Ce qui m’intéresse, c’est l’insatiable lutte de cette femme avec son image. La maîtrise d’elle-même a
remplacé sa vie même. Simplement vouloir être, oui, seulement vouloir être et en plus vouloir être gardée, ce
n’est pas possible. (p.94)
Mais le langage ouvre des brèches. Petit à petit, elle règle ses comptes avec les Kennedy, avec son
éducation, avec le public qui a fait d’elle cette image figée, au dépend d’elle-même.

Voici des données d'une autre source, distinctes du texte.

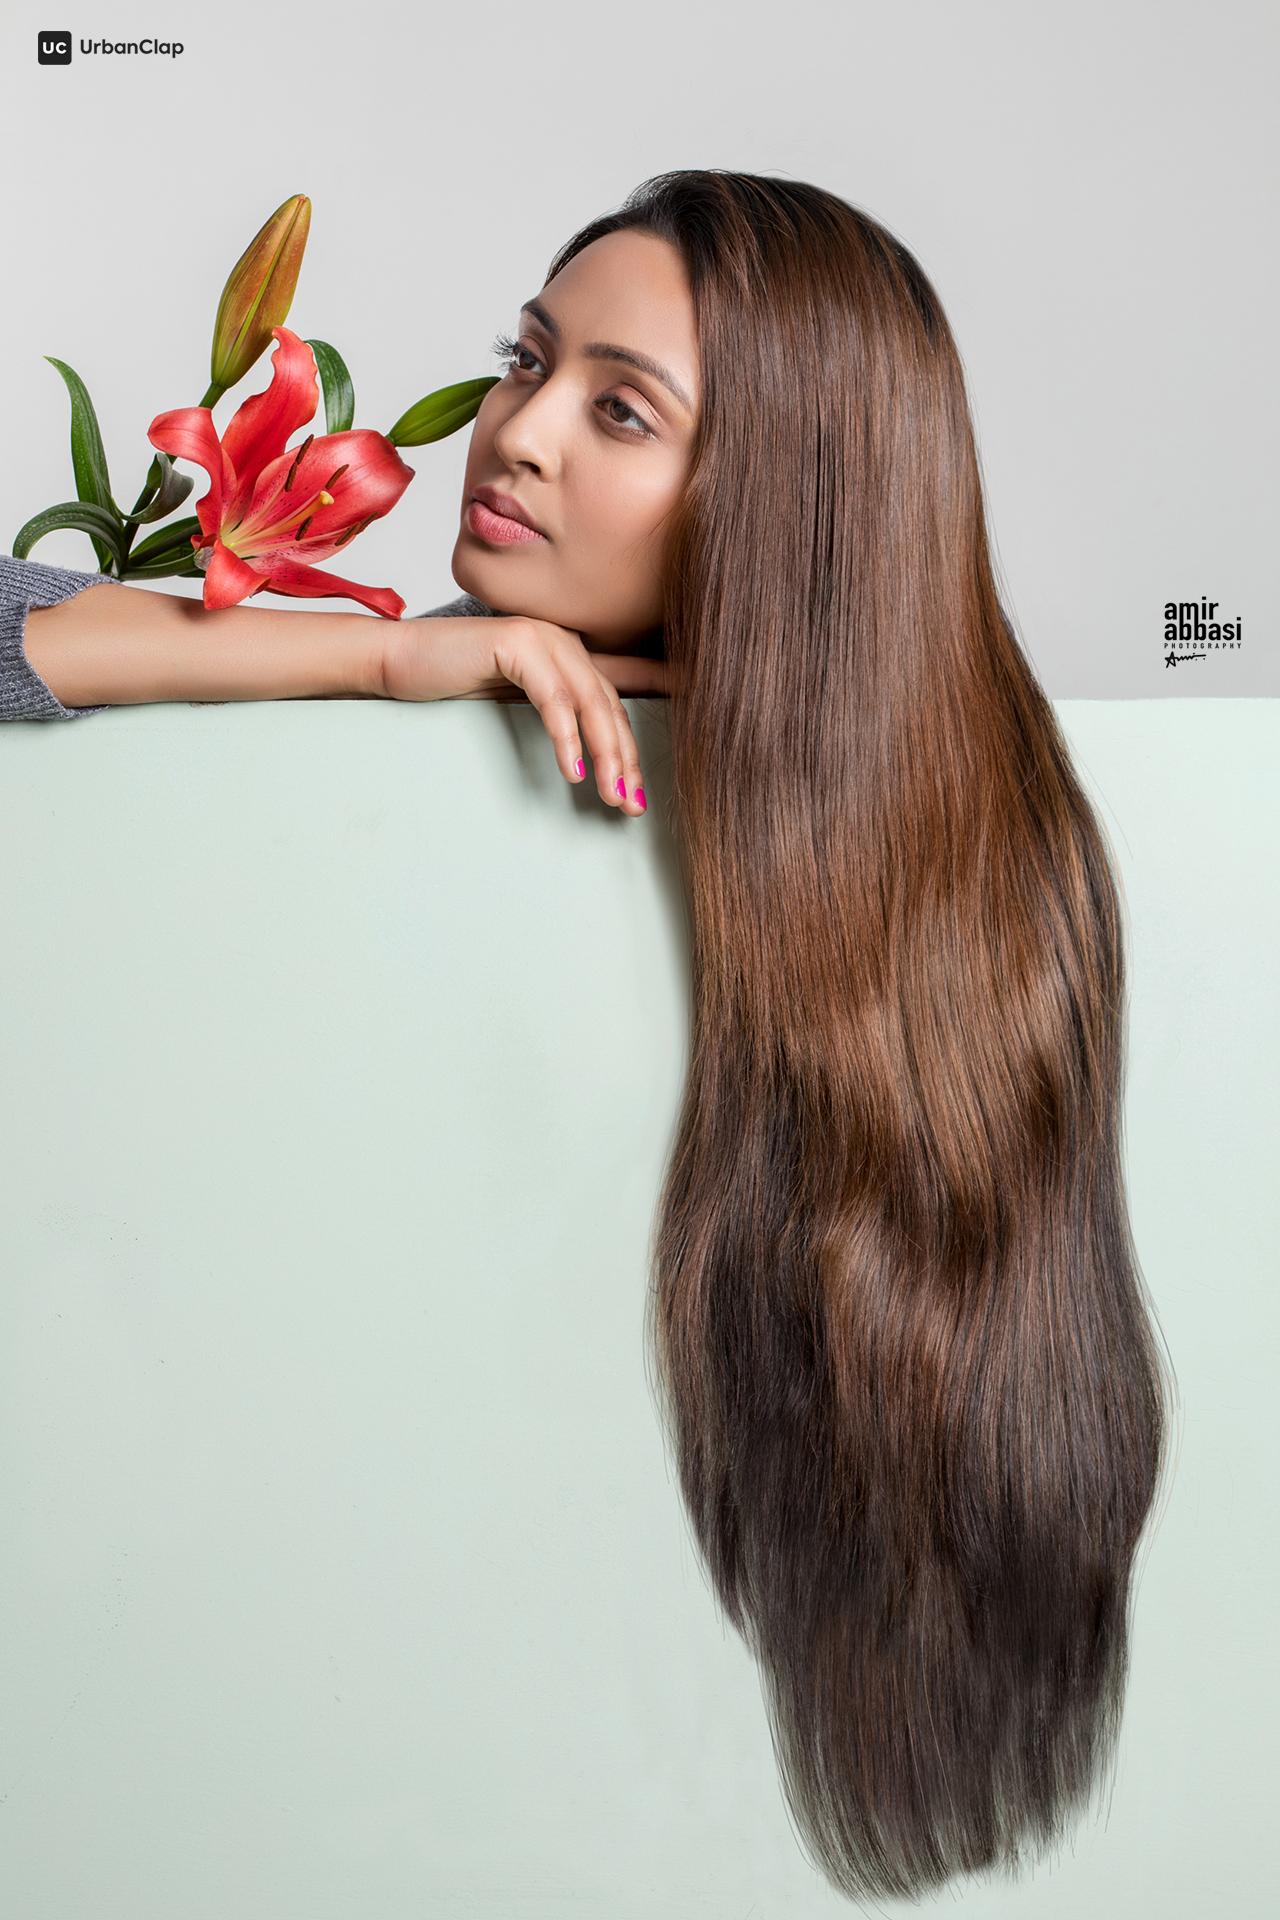 beauty-photographer-dubai-delhi-mumbai-urbanclap-01.jpg

Si je choisis de le jouer moi, donc de faire revivre cette « Jackie » non pas à la fin de sa vie mais à l’âge de
30 ans, c’est précisément parce qu’il me semble important qu’elle nous donne à voir le « fantasme » d’elle-
même. Elle vient nous parler et prend la forme de cette Jackie-icône, à l’âge où elle arrive à la Maison
Blanche, et où sa mythologie se construit. Pour moi c’est très important de ne pas être dans la reproduction
exacte de Jackie Kennedy, mais plutôt de créer un décalage qui donne à entendre dans toute son ampleur ces
codes d’apparences et l’importance du paraître. Ainsi je jouerai avec quelques éléments très reconnaissables
de Jackie : le tailleur, la perruque, pour petit à petit déconstruire cette figure de magazines, et laisser
apparaître ce qui dérape : les fêlures, la solitude, la perversion de cette image qui l'enferme jusqu'au bord de
la folie.
C’est ainsi que cette confession un peu extraordinaire met en perspective ce mythe « presque parfait » et le
déjoue : une sorte de « Jackie by Jackie » qui tourne à l’obsession.
Il y a une part d’enfance dans cette Jackie, et c’est là que nous nous reconnaîtrons : jouer à être soi, jouer à
être ce que nous rêverions d’être et y croire de plus en plus, rêver.
Elle sera en dialogue avec sa propre représentation sur une couverture de magazine, elle convoque les
images d’elle-même qu’elle aimerait nous montrer. Le spectacle peut alors commencer. Elle crée son
« Jackie by Jackie ».
Je n’ai même pas été capable d’atteindre le morceau de crâne sur le
coffre de la voiture où j’avais grimpé. Le lendemain je ne m’en souvenais plus.
Je n’ai jamais voulu fuir. Je me souviens seulement que je pouvais voir une
partie de l’intérieur de son crâne. (p. 77)
Ce monologue est en réalité un dialogue intérieur livré comme une confidence, mais qui creuse ses brèches
et ne fait que révéler ce vide immense, cette solitude et ce besoin de se rappeler à nous dans tout ce qui
constitue son identité. Ce public à qui elle s’adresse, est fictif. Il n’est là que comme un prétexte, pour
combler cette solitude. Elle s’adresse à nous, mais nous serons les témoins de sa prise de conscience que
nous n’étions que le fruit indispensable de son imagination.